The Roadmap to Safe Abortion Worldwide: Global Trends on Incidence, Legality and Safety
Although unsafe abortion remains a serious public health issue in many countries, access to safe abortion care is increasing in parts of the developing world where it was once available only to the most privileged. Much of this evidence has been synthesized in a new study by the Guttmacher Institute on abortion around the world. These trends provide a roadmap for policymakers and health care providers to further reduce the incidence and impact of unsafe abortion. Abortion is becoming safer worldwide as a result of slow but important improvements made to abortion policies, programs and practices in a number of countries.
Tracking Abortion Incidence and Safety
The Guttmacher report projects that the overall abortion rate declined slightly over the last 25 years. This global trend varied by development status: the rate in developing regions did not change, whereas the decline in developed regions was substantial. Specifically, the data shows the following trends in abortion rates per 1,000 women of reproductive age (15–44):
- Developed Regions: An estimated 27 abortions occurred each year during 2010–2014, down from 46 during 1990–1994.
- Developing Regions: The rate remained almost the same at 36–39 per 1,000 women.
- Eastern Europe: Dramatically falling abortion rates in this region largely drove the decreased rate within developed regions.
The evidence is clear that the most effective way to reduce abortion rates is to prevent unintended pregnancies through modern contraceptives. When it comes to abortion safety, the news is mixed. Globally, 56 million abortions occur each year and nearly half (25 million) are unsafe. Unsafe abortion is an important preventable cause of maternal death and disability, accounting for 8–11% of maternal mortality worldwide and claiming the lives of 22,800–31,000 women annually. These unsafe abortions are almost exclusively concentrated (97%) in developing countries.
Concrete Measures for Policy Reform
This body of evidence provides a roadmap for policymakers to take concrete measures to protect the health, rights and lives of women worldwide.
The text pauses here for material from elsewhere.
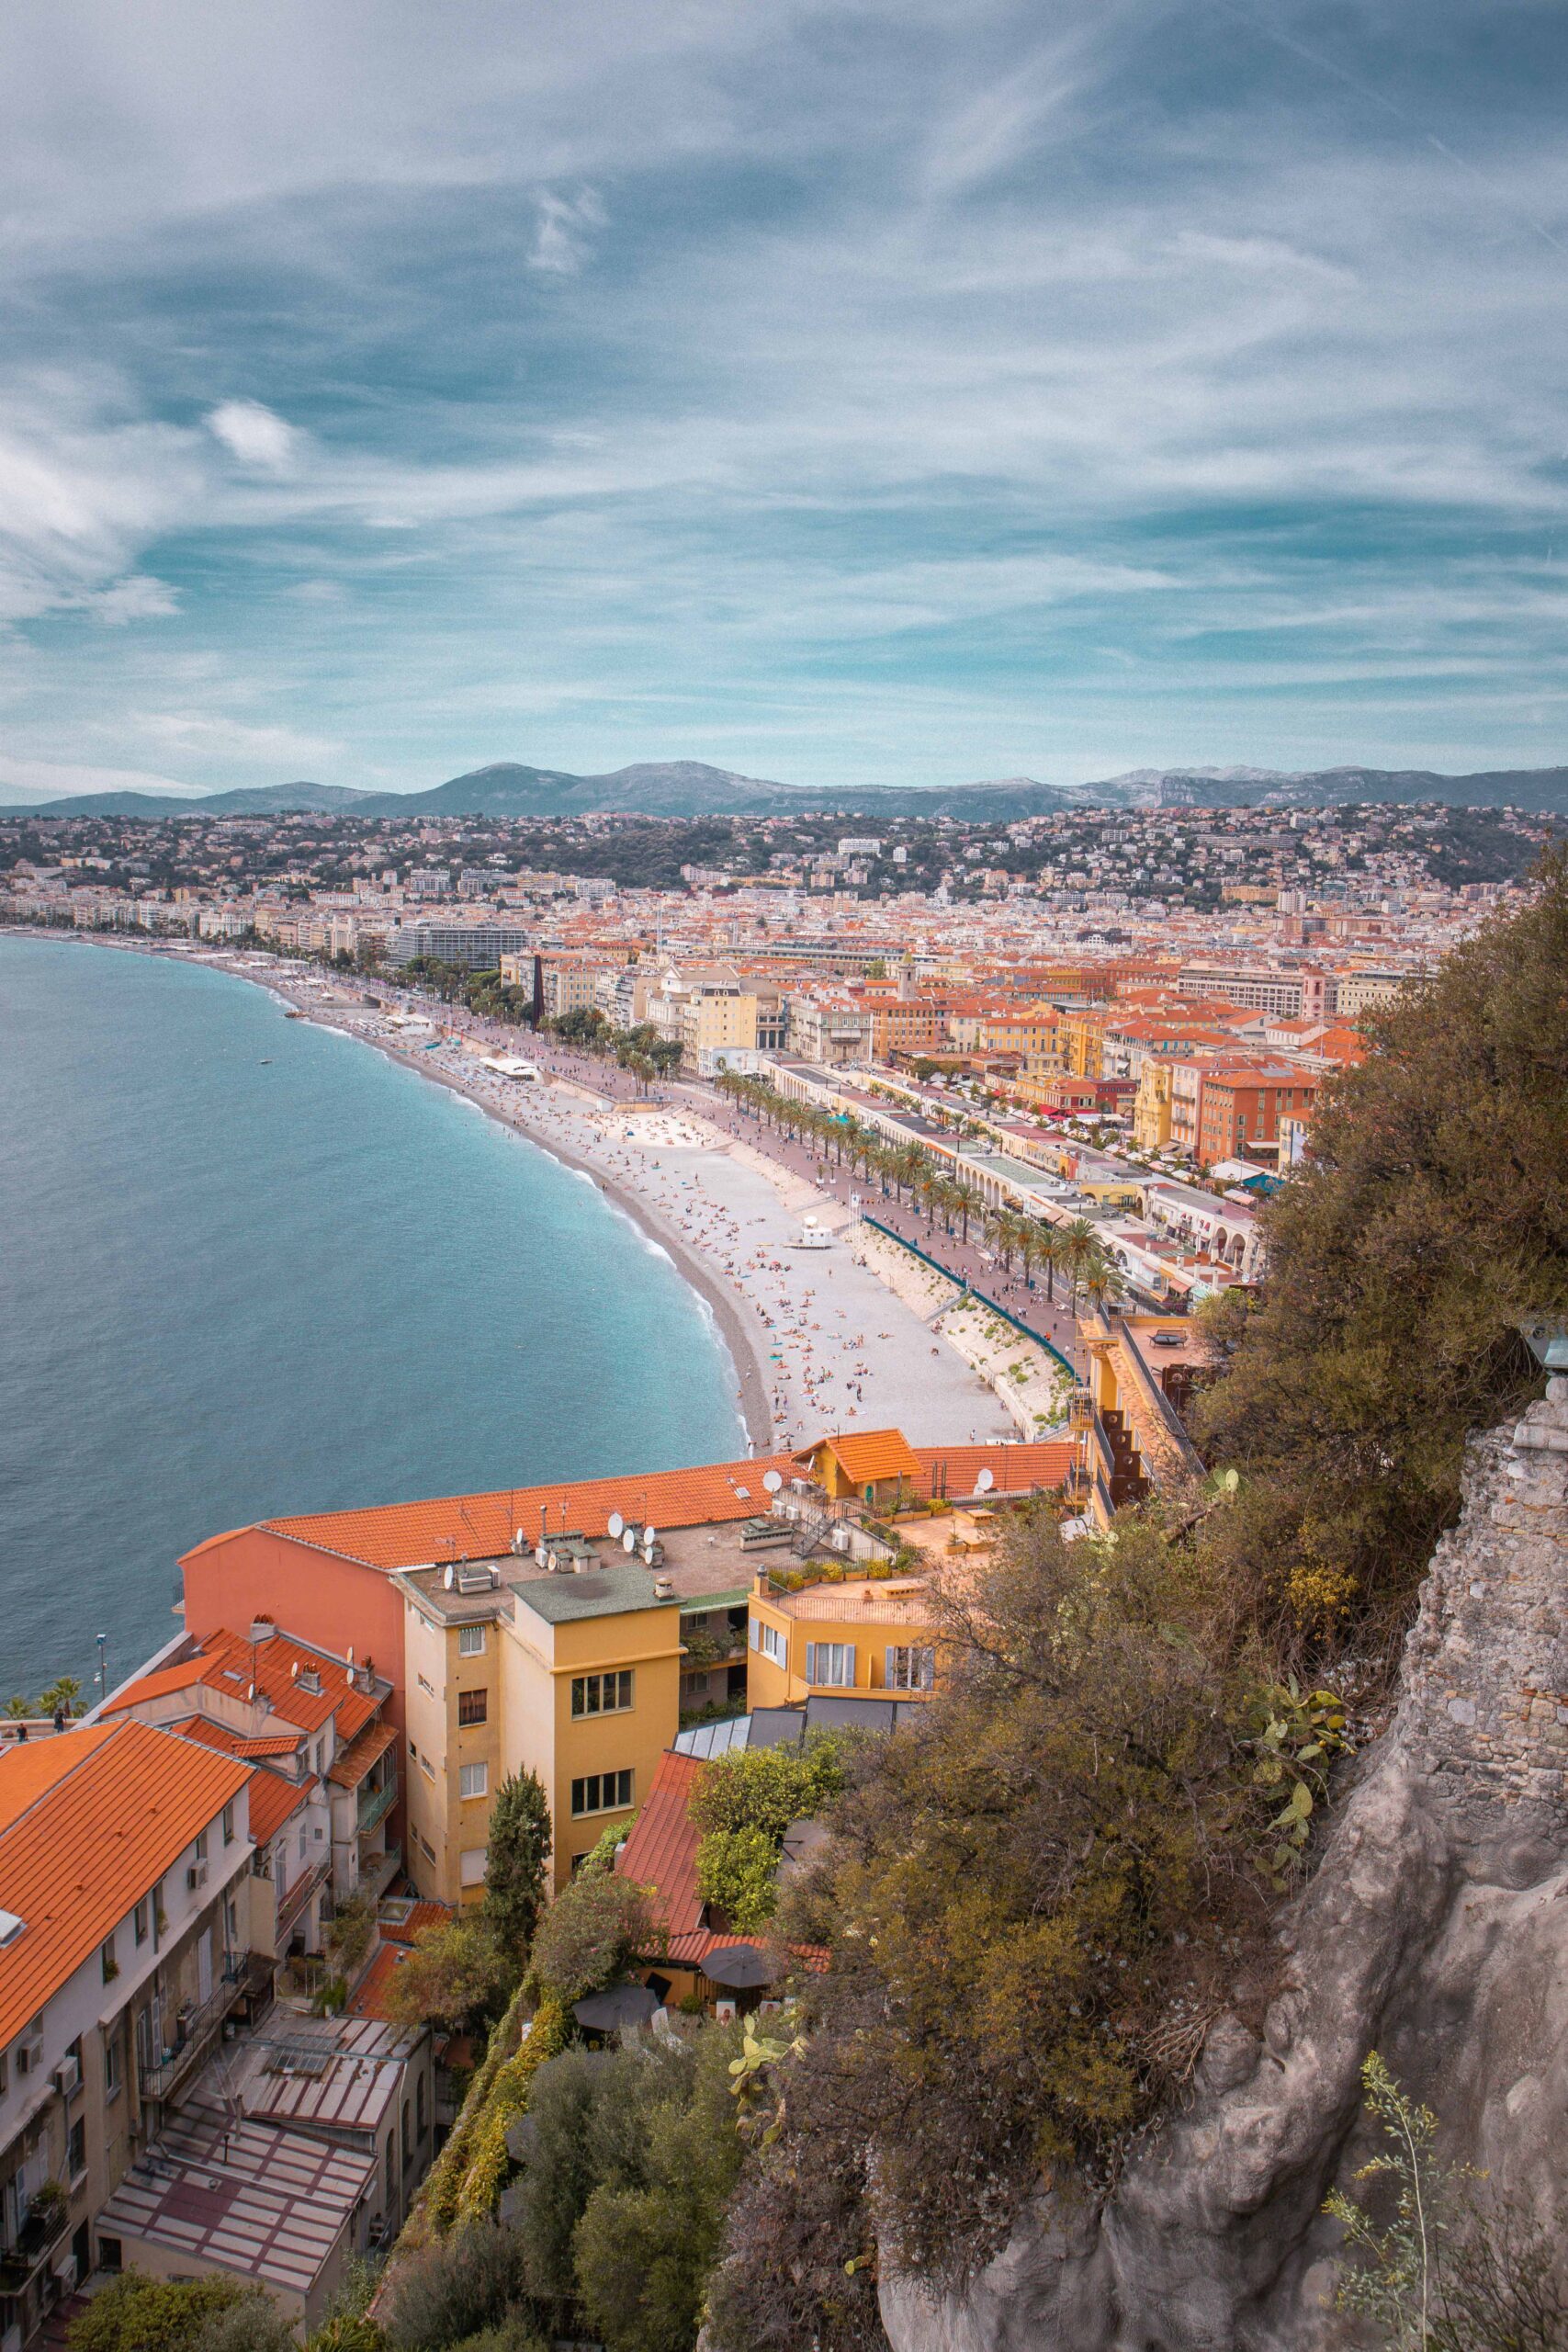 Panoramic view of the Promenade des Anglais, the pebble beach and rooftops as seen from the Colline du Château (Castle Hill) park in Nice, France

To further reduce the negative consequences of unsafe abortion, stakeholders should focus on:
- Adopting clinical guidelines on comprehensive abortion care.
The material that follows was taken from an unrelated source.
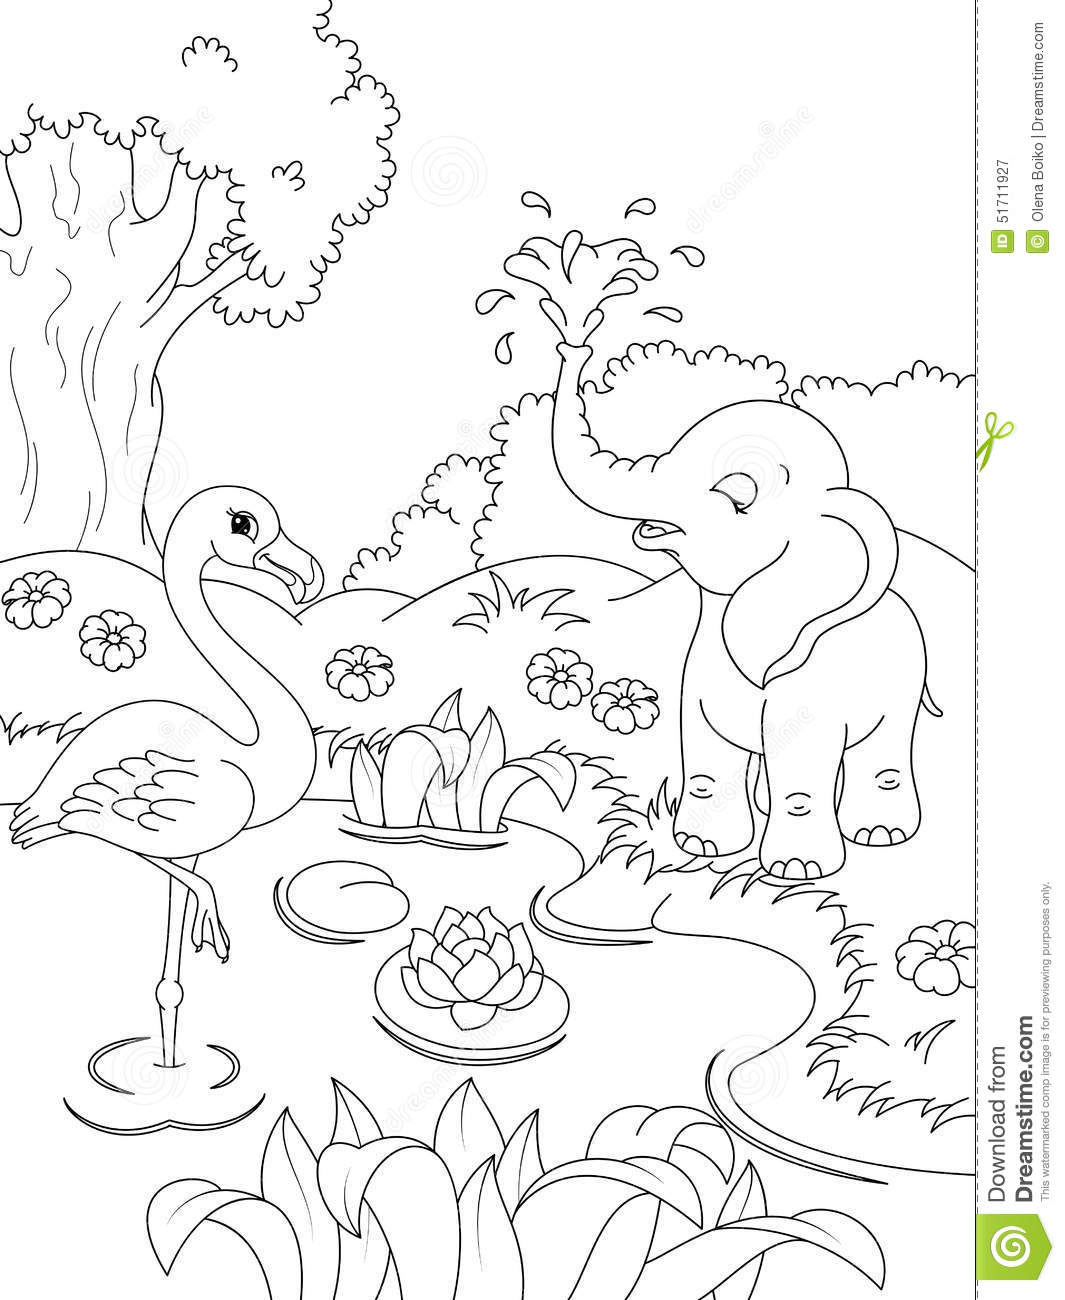 Nature coloring pages to download and print for free

- Increasing access to postabortion care.
- Facilitating correct use of medication abortion in clandestine settings.
- Combatting stigma and reforming restrictive abortion laws.
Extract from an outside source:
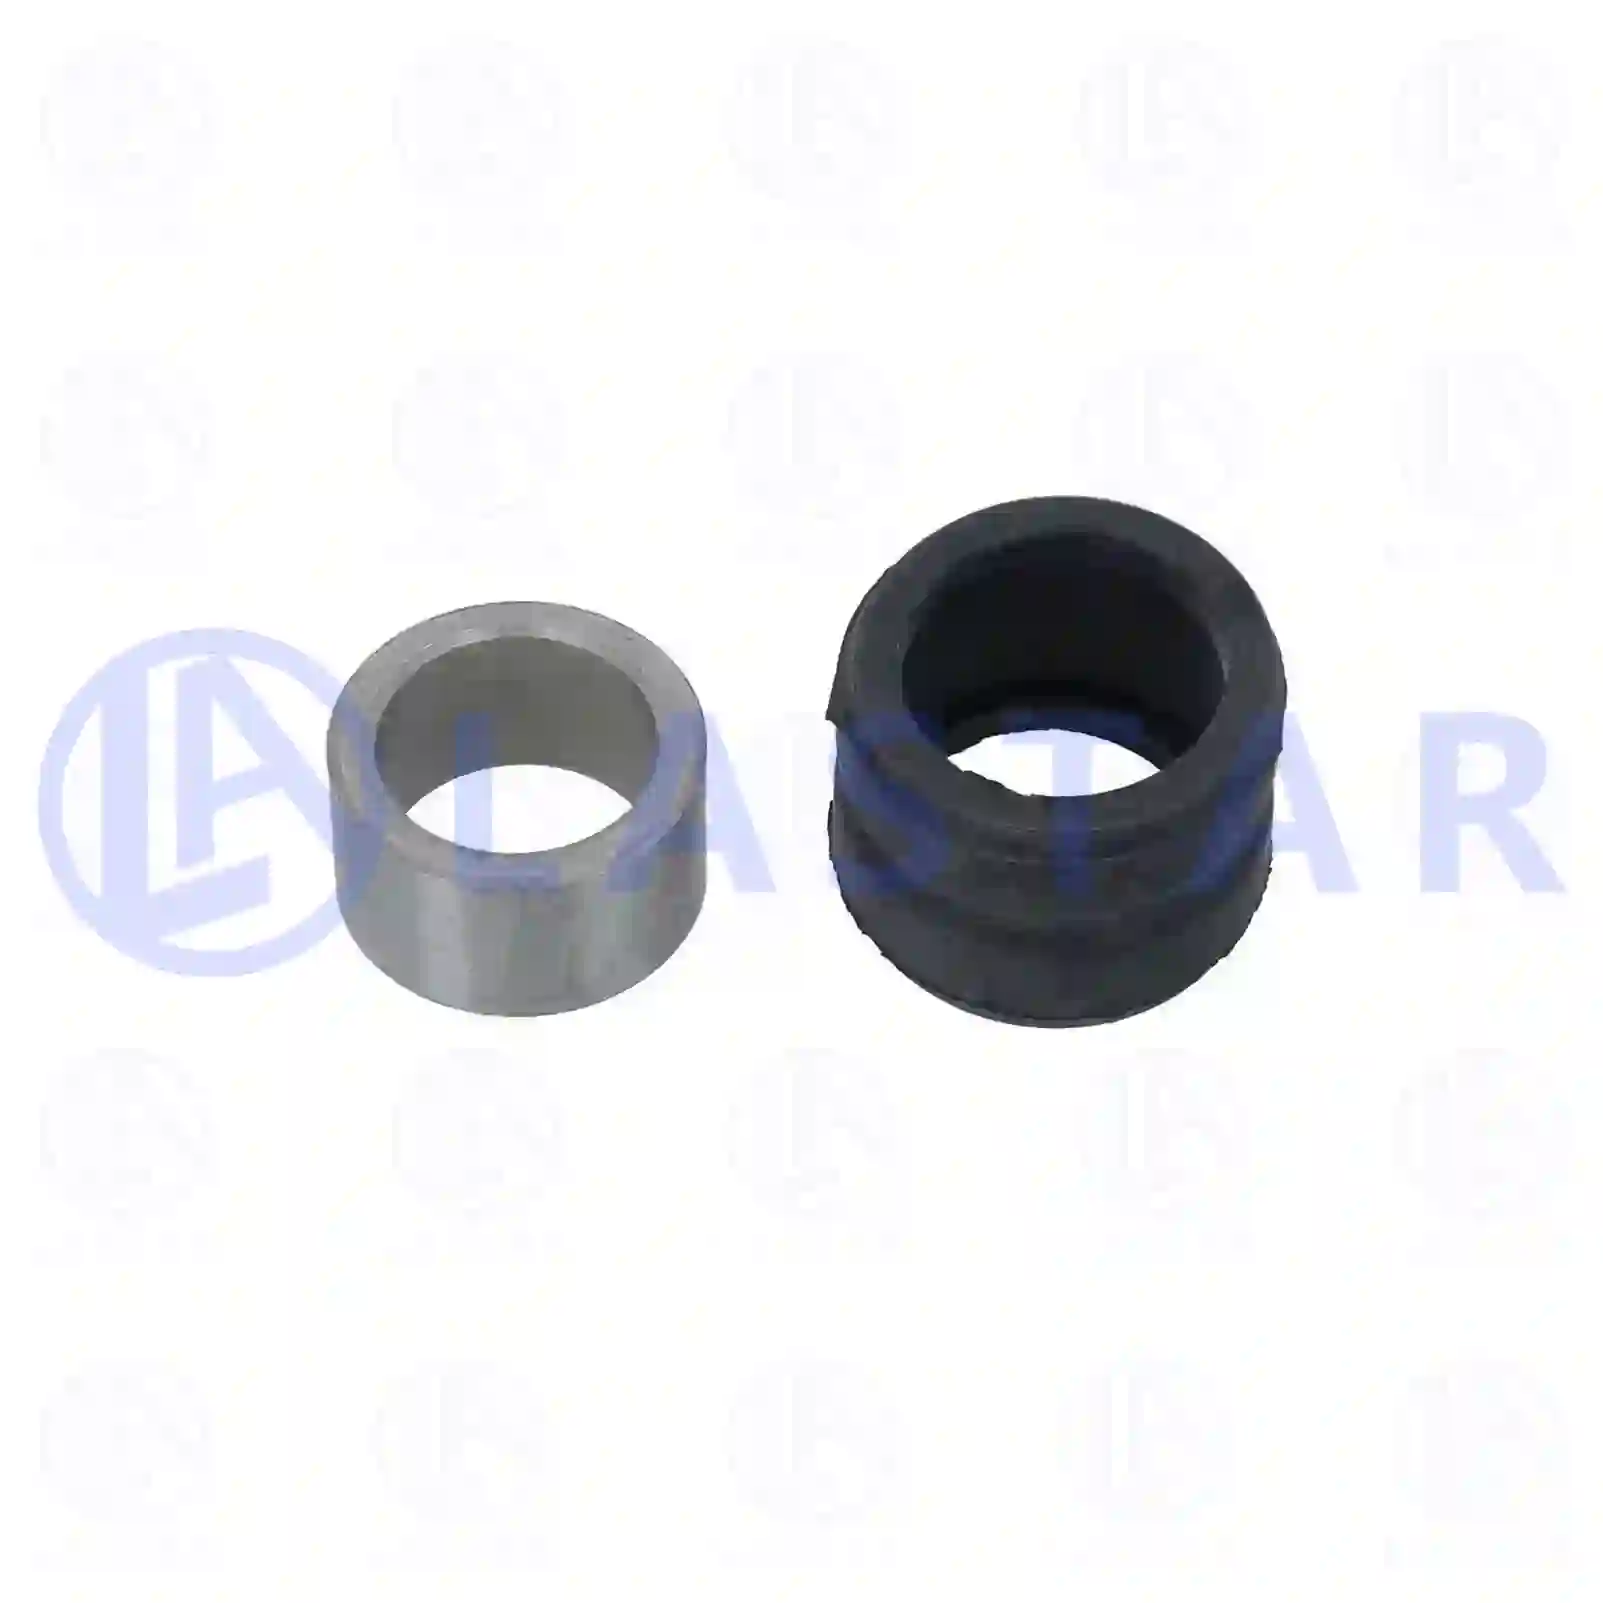 Bushing kit, 77702570, 3124621150S, 3214620165S ||  77702570 Lastar Spare Part | Truck Spare Parts, Auotomotive Spare Parts Bushing kit, 77702570, 3124621150S, 3214620165S ||  77702570 Lastar Spare Part | Truck Spare Parts, Auotomotive Spare Parts

- Investing in services to prevent unintended pregnancies and the often-unsafe abortions that may follow.
Political Challenges and Global Impacts
Previous gains related to sexual and reproductive health and rights—particularly those reducing the impact of unsafe abortion—are in jeopardy. The Trump administration and social conservatives in Congress are engaged in broad-based attacks on sexual and reproductive health and rights in the United States and globally. In the international sphere, the administration has imposed and expanded the global gag rule and defunded the United Nations Population Fund (UNFPA), while calling for outright elimination of all U.S. international family planning aid. At the heart of these attacks is an extreme animus toward abortion rights. Advocates for women’s health fear that these attacks will roll back improvements in sexual and reproductive health services that were built over decades, especially in developing regions where the limited progress to date is in jeopardy.